This calls for a verbatim copy of all the data, with no images carried over.

Data excerpt:
──────
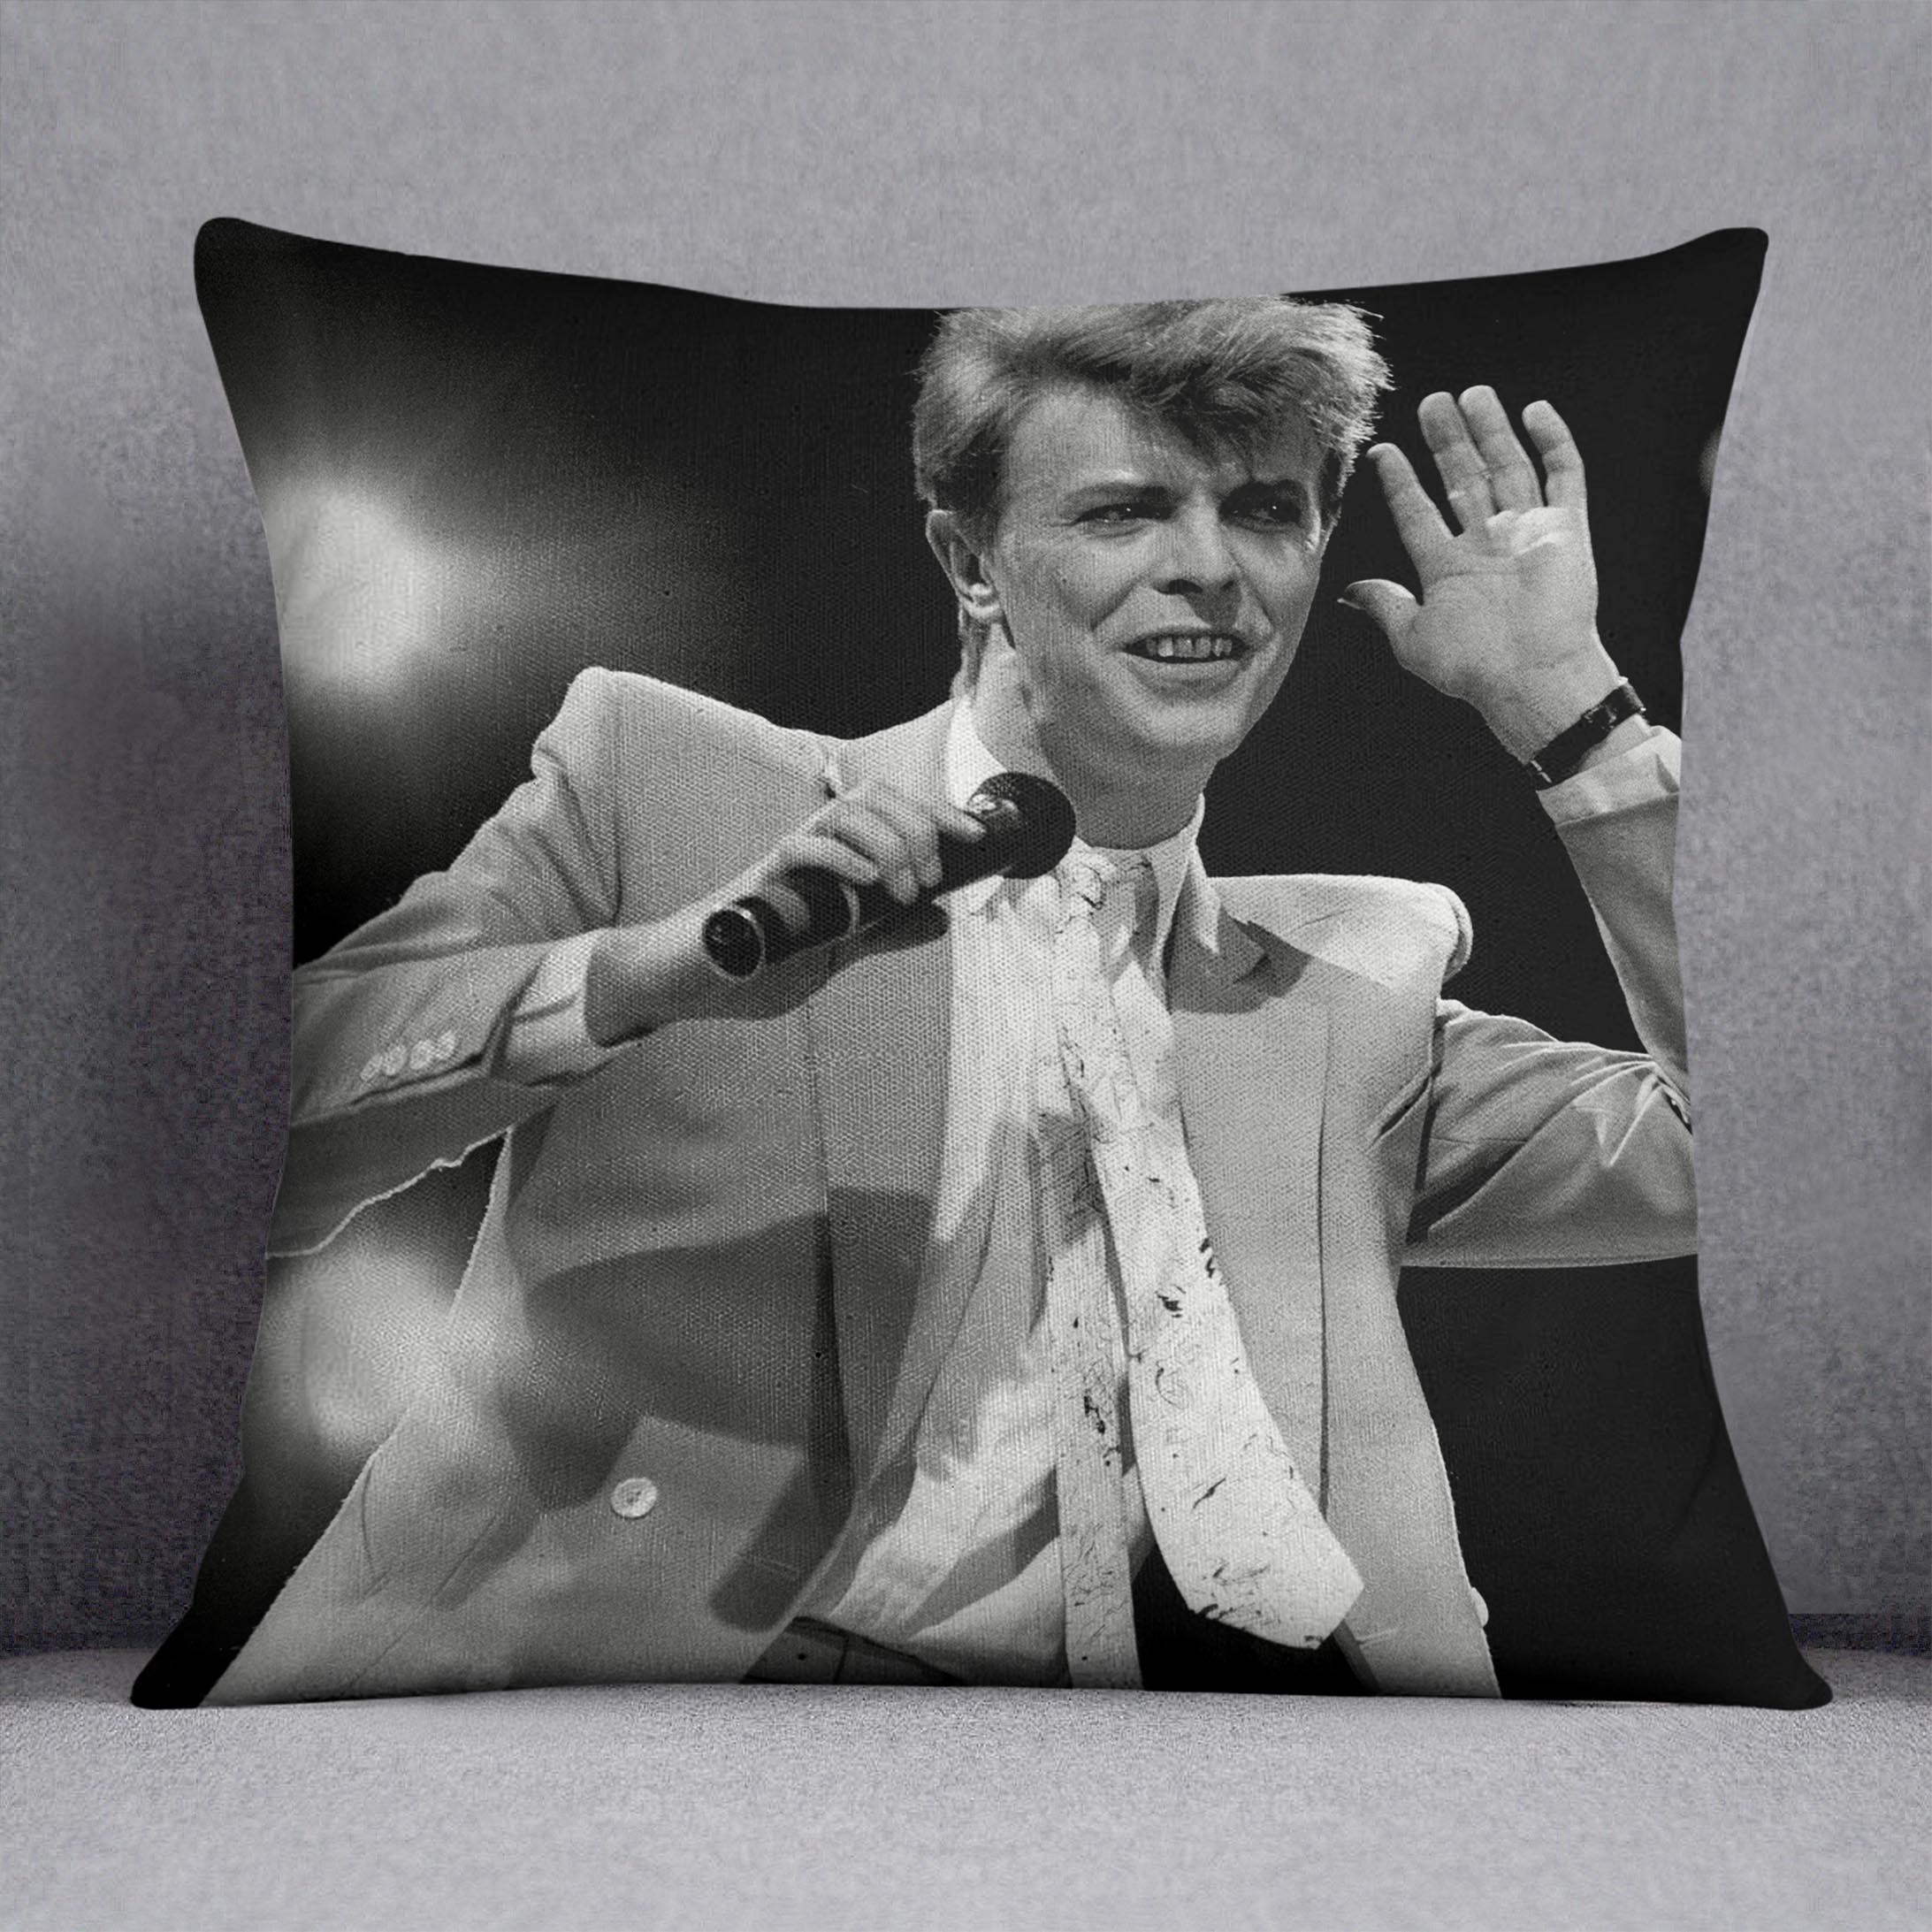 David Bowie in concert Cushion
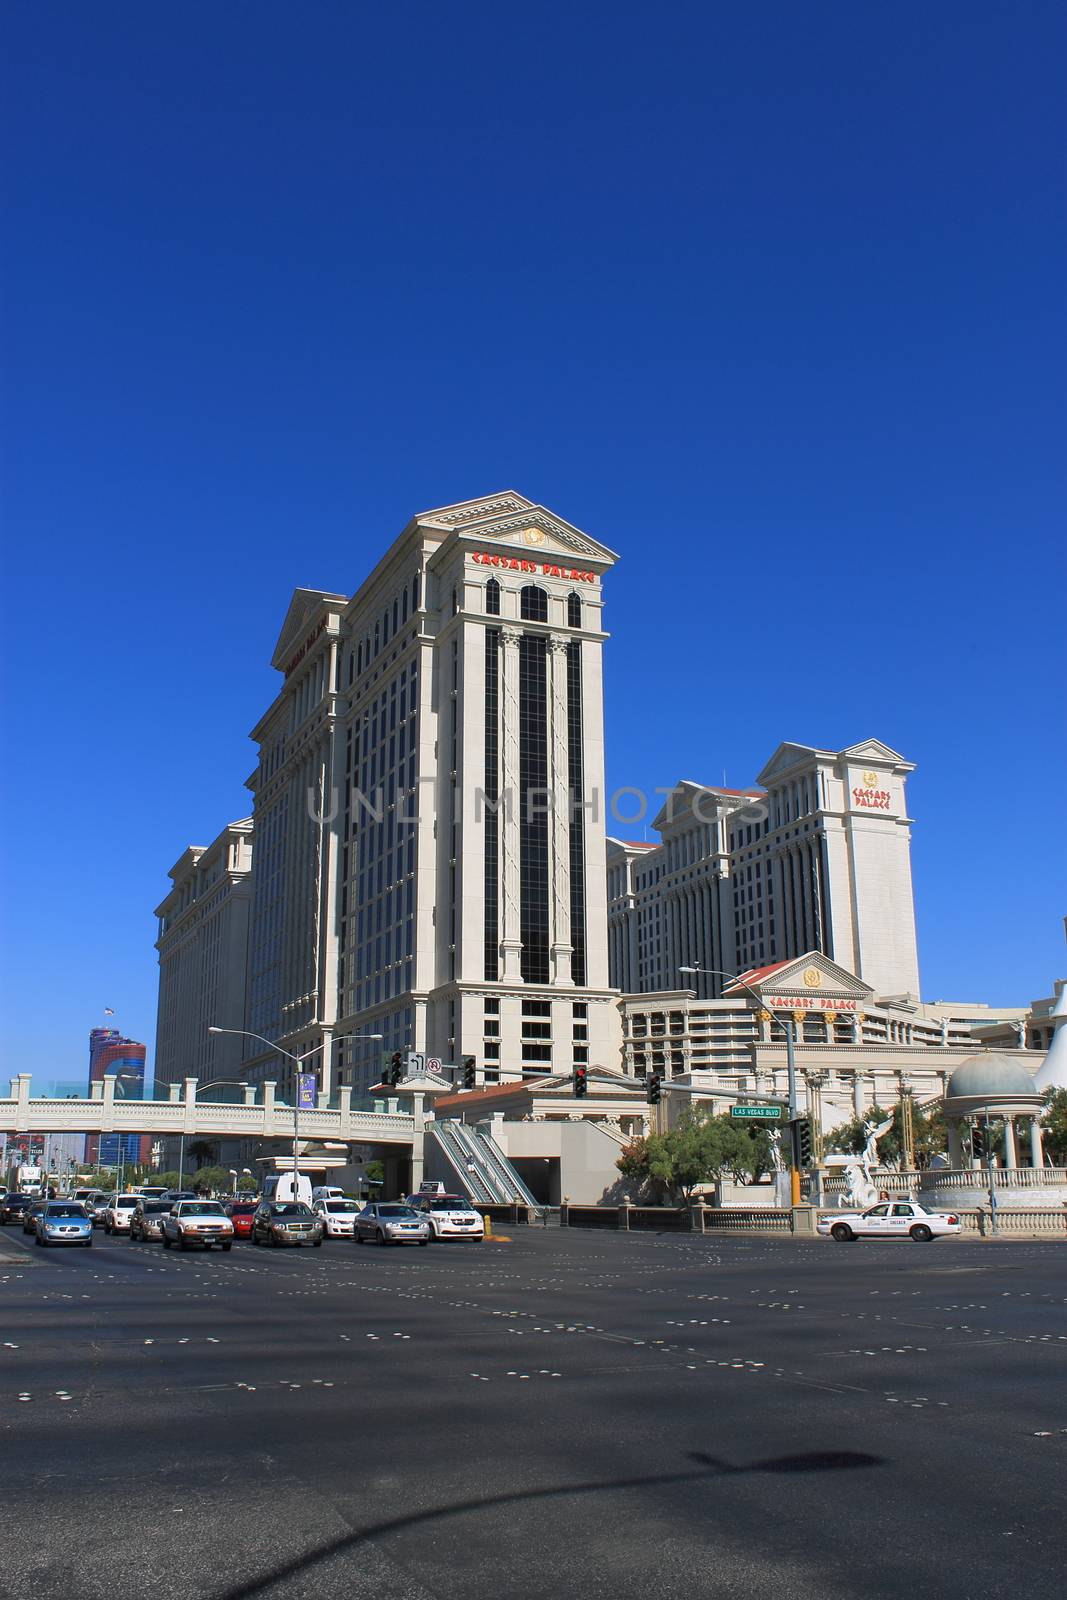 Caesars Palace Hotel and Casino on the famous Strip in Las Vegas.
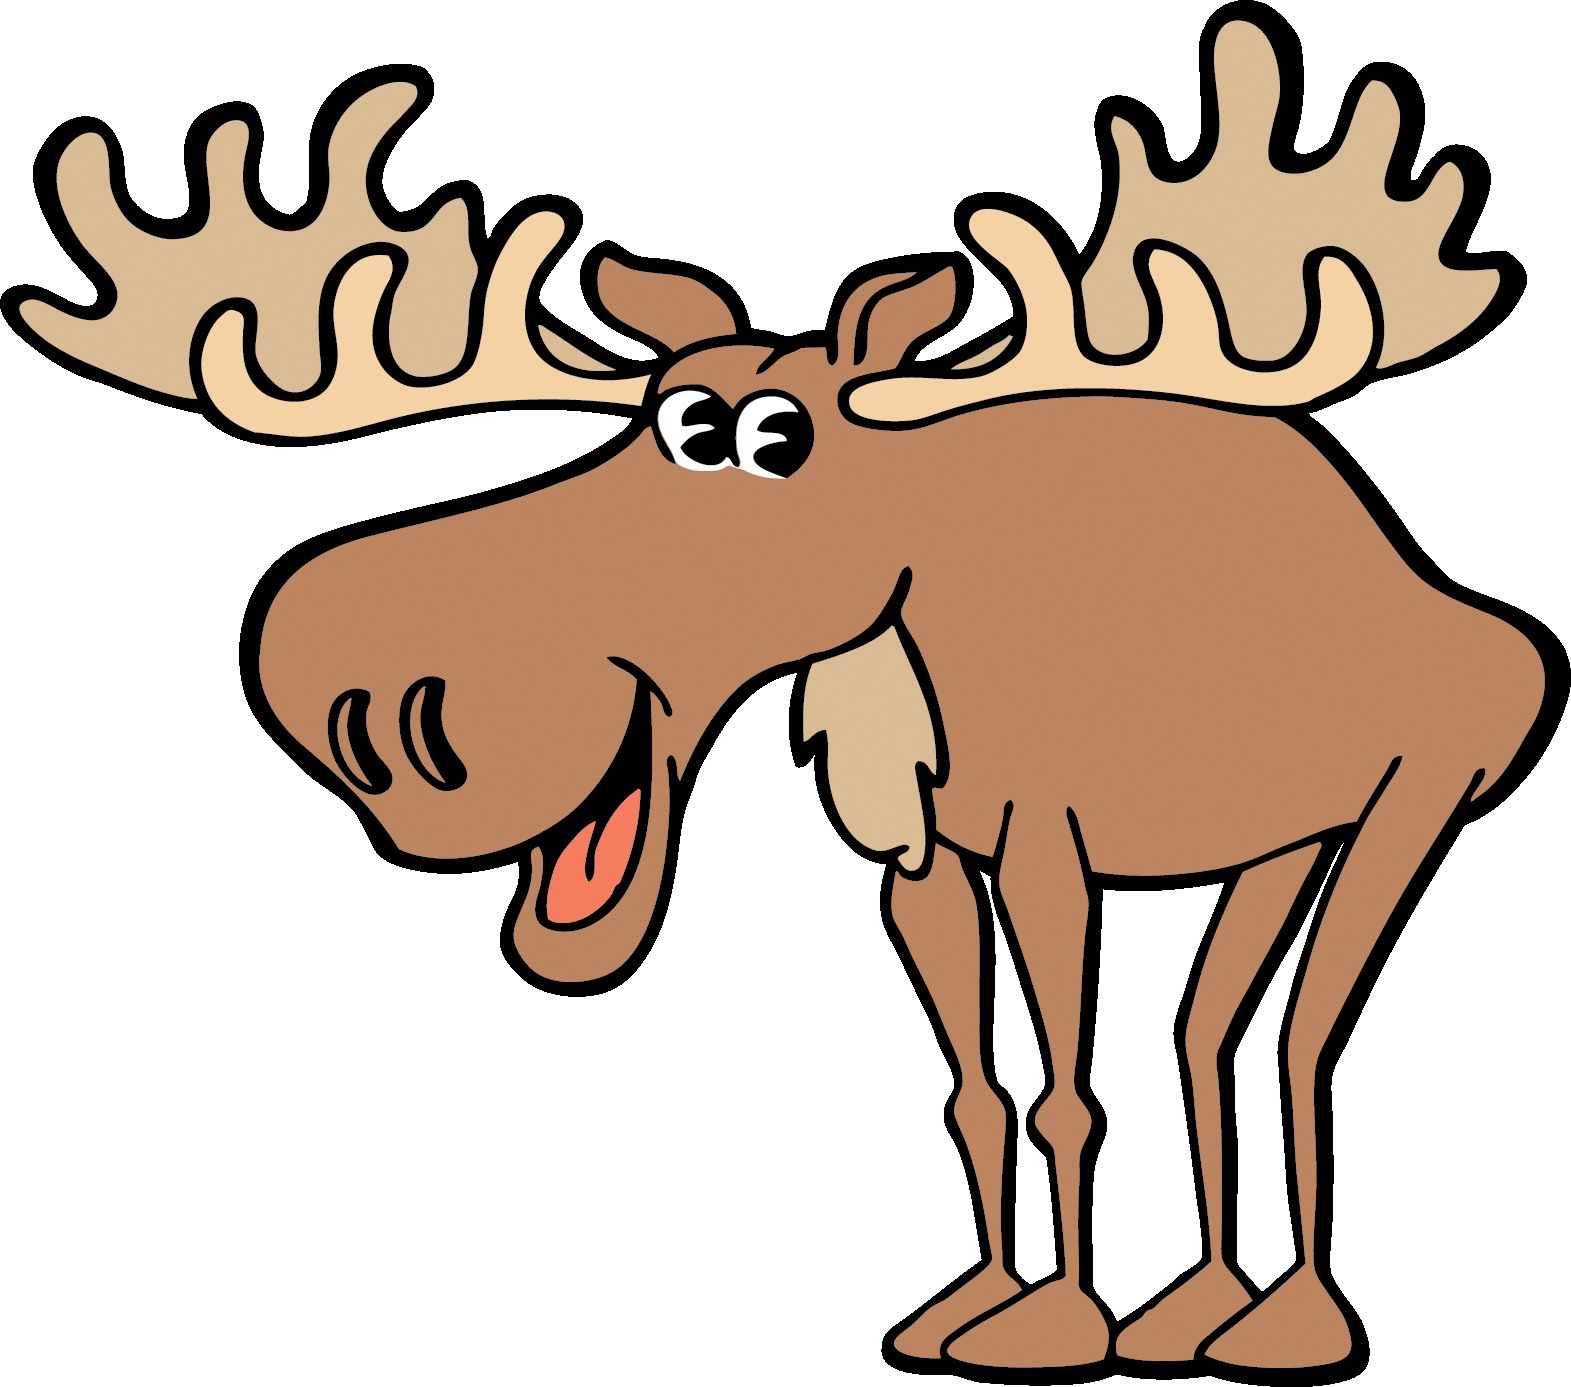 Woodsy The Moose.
──────
Answer below:
 David Bowie in concert Cushion
 Caesars Palace Hotel and Casino on the famous Strip in Las Vegas.
 Woodsy The Moose.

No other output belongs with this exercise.